В восемь тридцать дверь кабинета открылась; с шумом въехала кушетка, подталкиваемая сзади задумчивой блондинкой.
— Мальчики, — сказала она, прыгая на кушетку и ставя напротив песочные часы. — Как говорил Кант, время — это трансцендентальная категория. Шучу.
Повозилась с одеждой. Напомнила в пустоту:
— Но наше «тик-тик» уже пошло. Я начинаю глубоко дышать!
Поизвивавшись минут тридцать на кушетке, встала… Спрятала с беззубой улыбкой Джоконды песочные часы. Отметила что-то на графике, темневшем на стенке.
Направилась к двери, опомнилась:
— Цветочек! Миленький мой, как же я о тебе забыла? Стареет, стареет твоя мамочка…
Забулькала наливаемая в горшок вода.
Перед самой дверью женщина сказала, чеканя каждое слово:
— Прогноз на завтра. Переменная облачность. Без осадков, ветер северо-восточный, пять-семь метров в секунду.
Выкатив кушетку, наклеила полоску бумаги на дверь: «Опечатано. До назначения новых следователей». Приложила печать и замерла, глядя в ночное окно.
Город обливался электричеством.
Ядовито желтели колокольни, кровоточила черепица. Извивались фасады, в подсвеченных телевизорами окнах ходили пузатые мужчины.
Вот небо обожгло салютом, и стало видно во все пределы.

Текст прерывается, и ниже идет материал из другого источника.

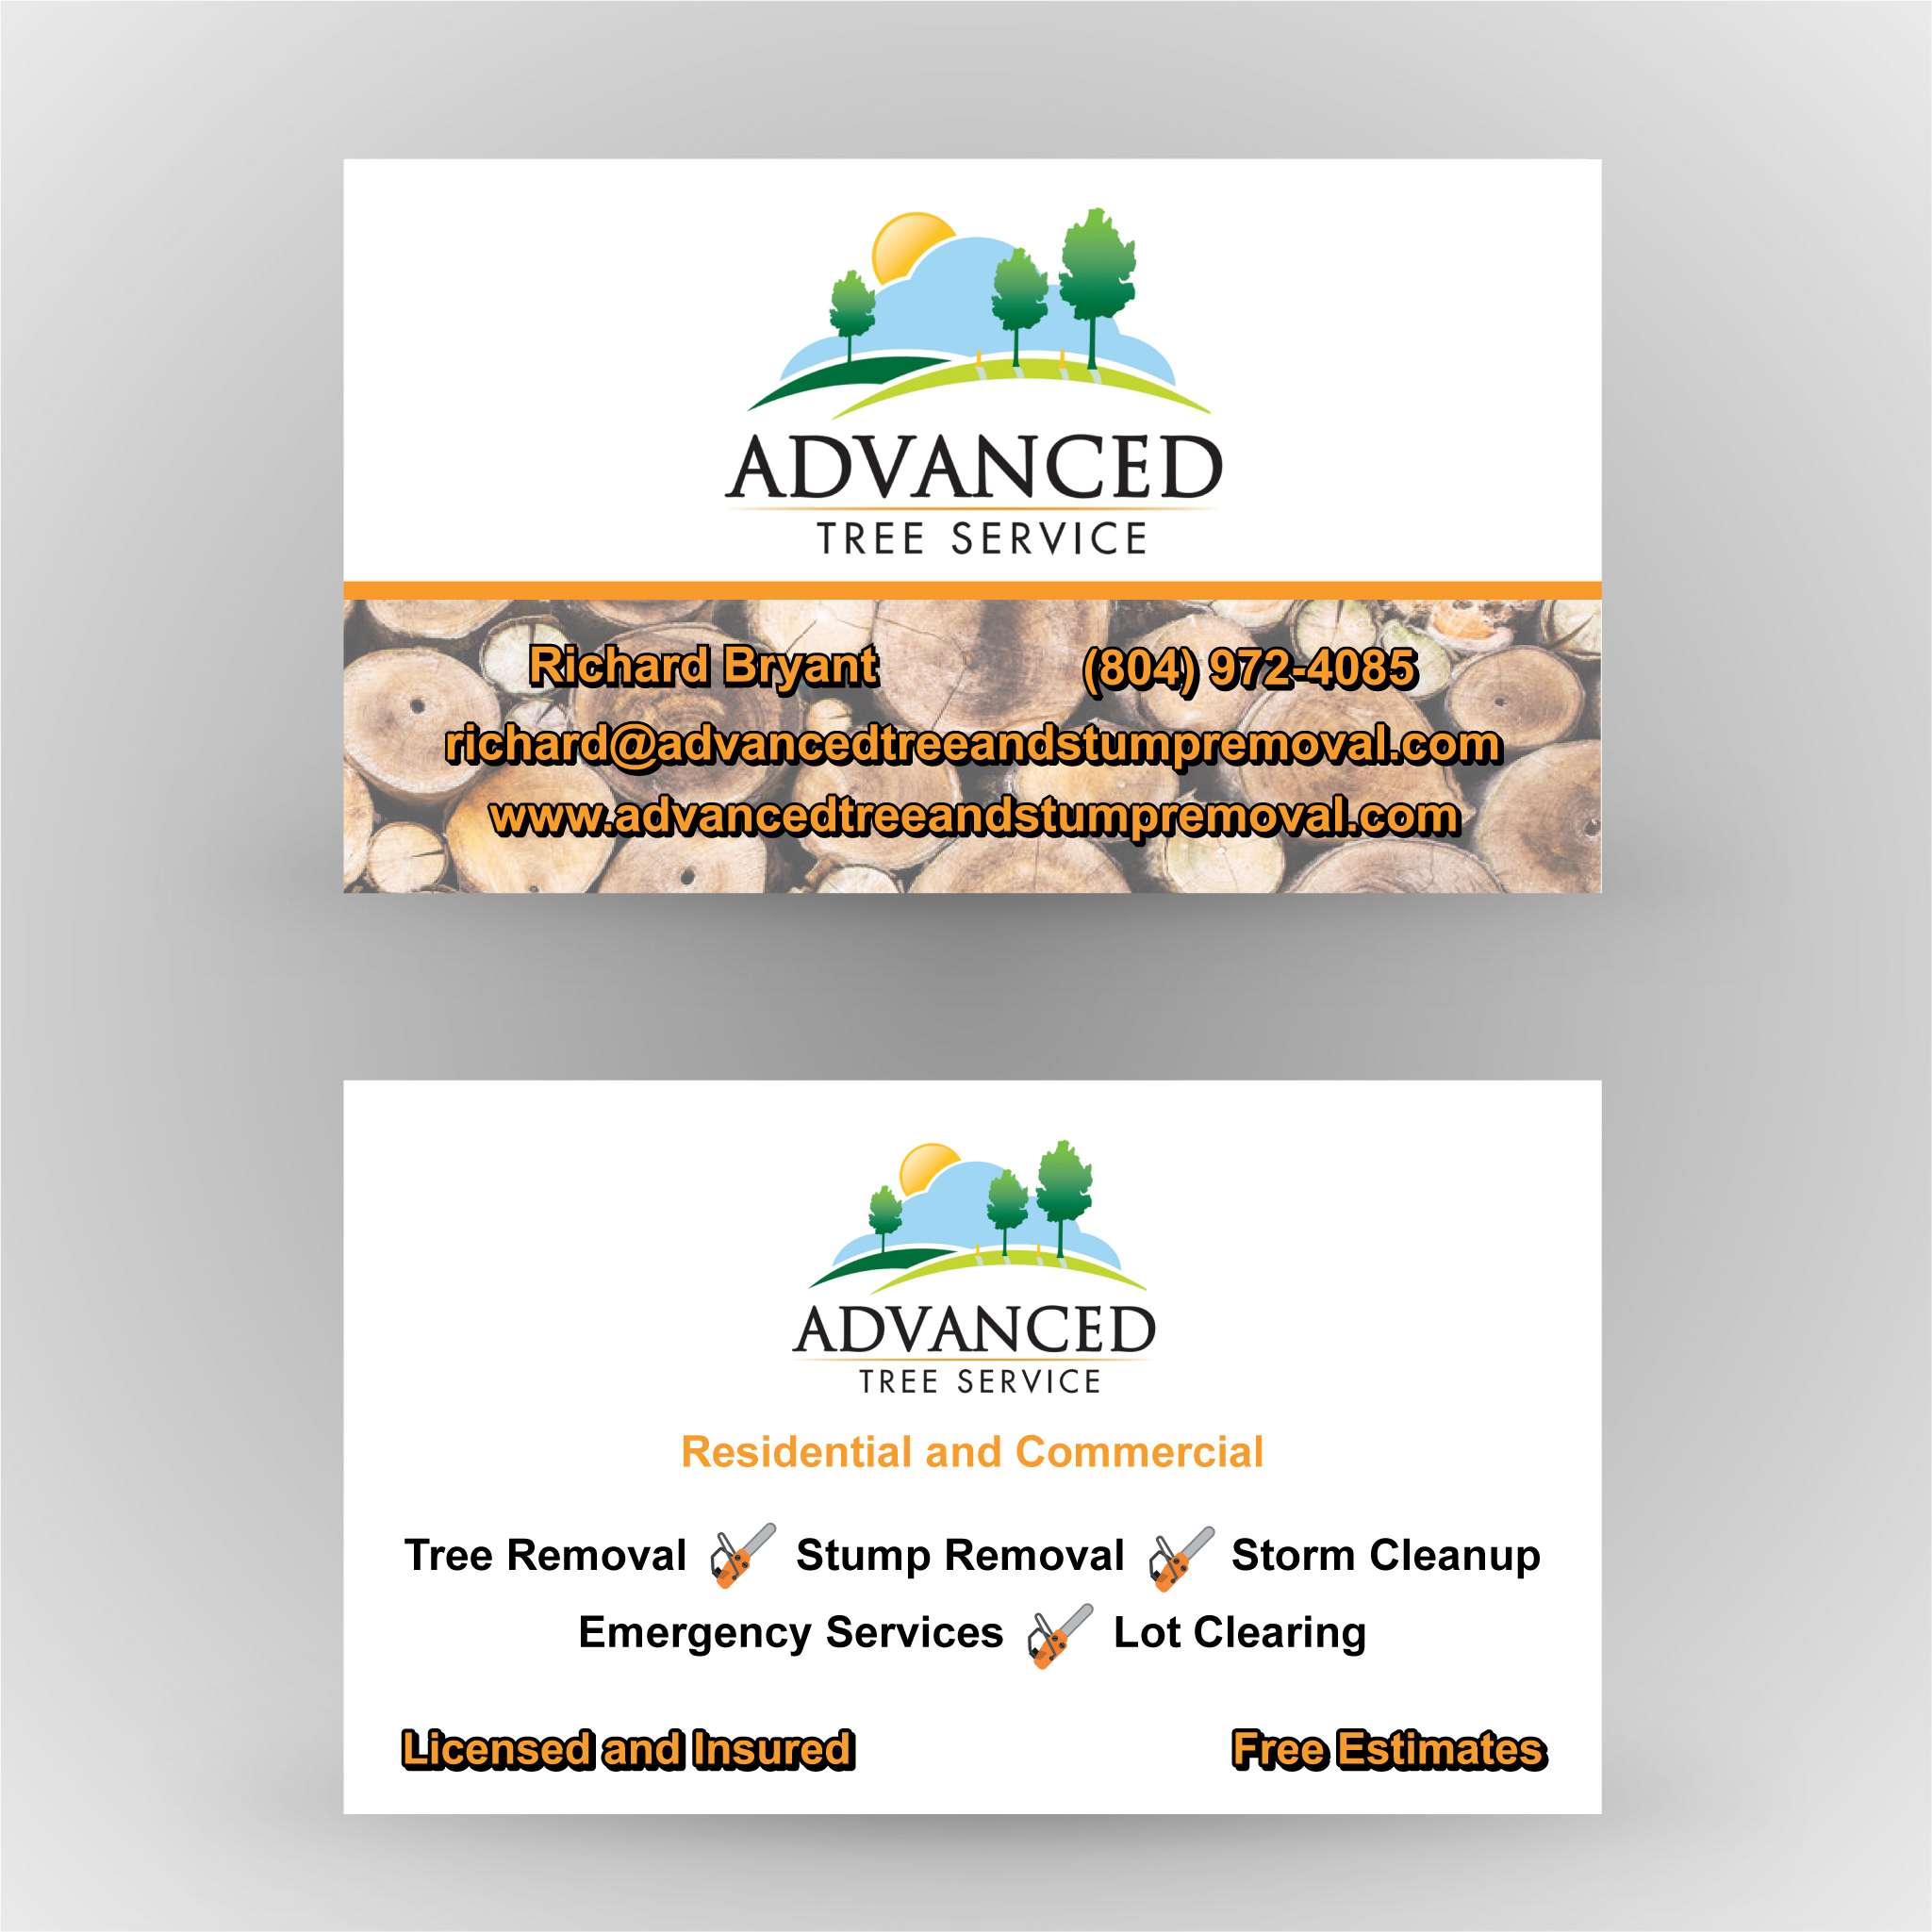 Advance Tree Service - Business Cards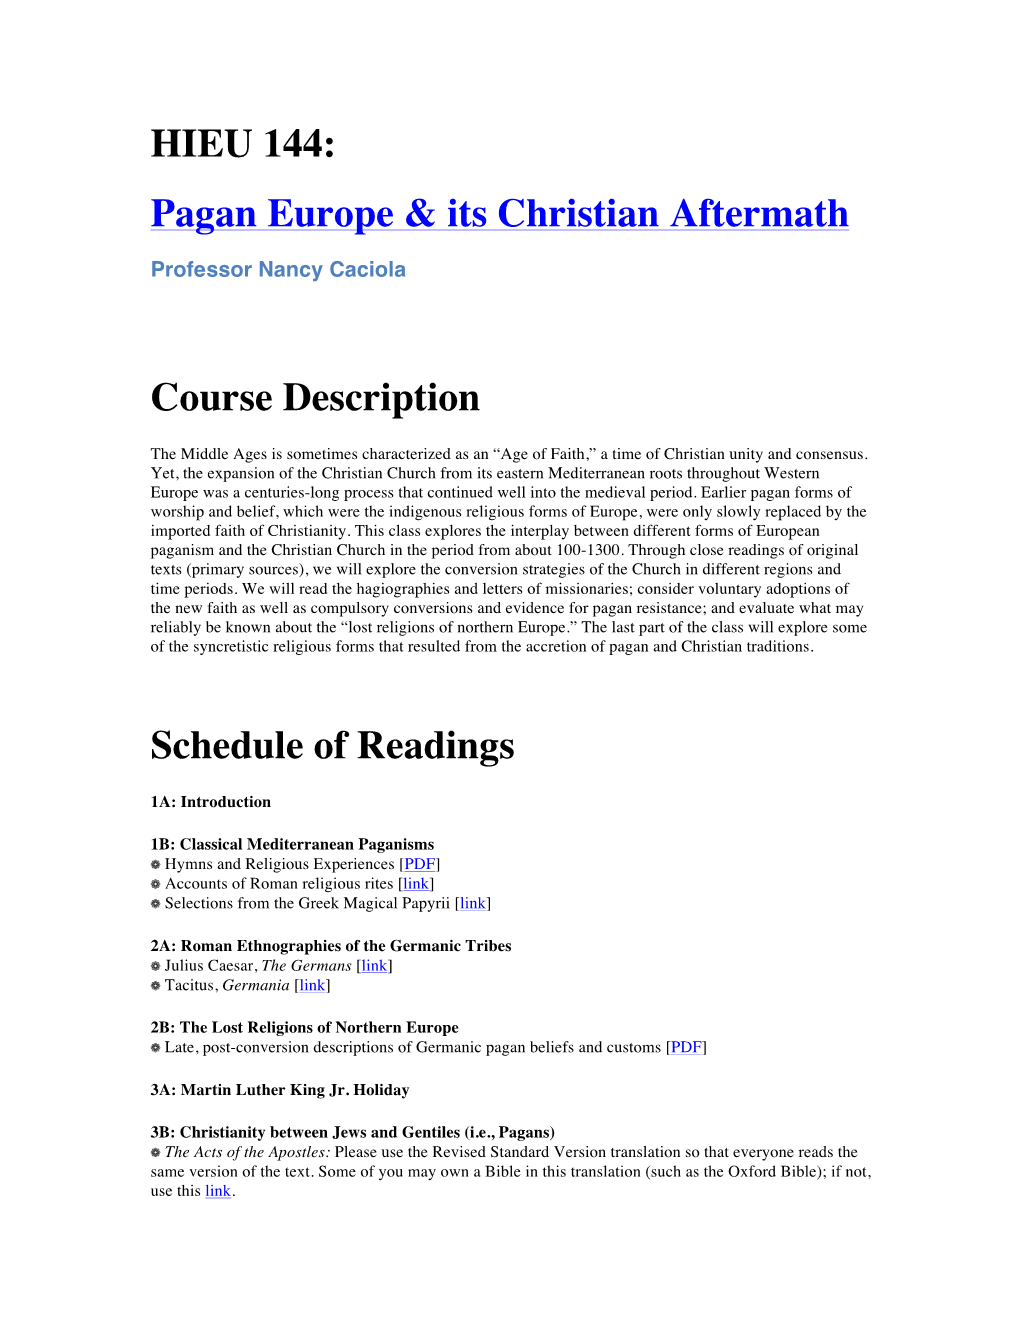 HIEU 144: Pagan Europe & Its Christian Aftermath Course

Все окна разом наполнились ночным солнцем — в одном раскачивался в кресле кто-то похожий на господина Искандера, и тонкий ребе пролетал над ним, как лепесток огня, толкуя Писание; в другом стояла женщина в белом плаще и держала в руках то ли зонт, то ли макет армянского храма, который прямо на глазах начинал сгорать; в третьем окне дрожал, словно передразнивая кадры кинохроники, самолет — бомбы, падавшие из него, ложились осенними листьями на заплеванную мостовую; в четвертом окне спал совершенно голый юноша с двумя продольными морщинами возле губ — над ним, в марлевых повязках, топтались какие-то врачи, вероятно, родственники, наращивая на его теле миниатюрные копии крепостных стен, улиц, садов, церквей и бельведеров; в этом же окне начиналось озеро, которое продолжалось в следующем, — но что творилось здесь, было не видно, потому что все окна вдруг погасли, обуглились и стали обычными квадратами темноты с полуосыпавшейся лепниной.
Достав песочные часы, секретарша глянула на песок и спохватилась:
— Как поздно!
Город кивнул.
Женщина выбежала, оставляя угасающий стук каблуков.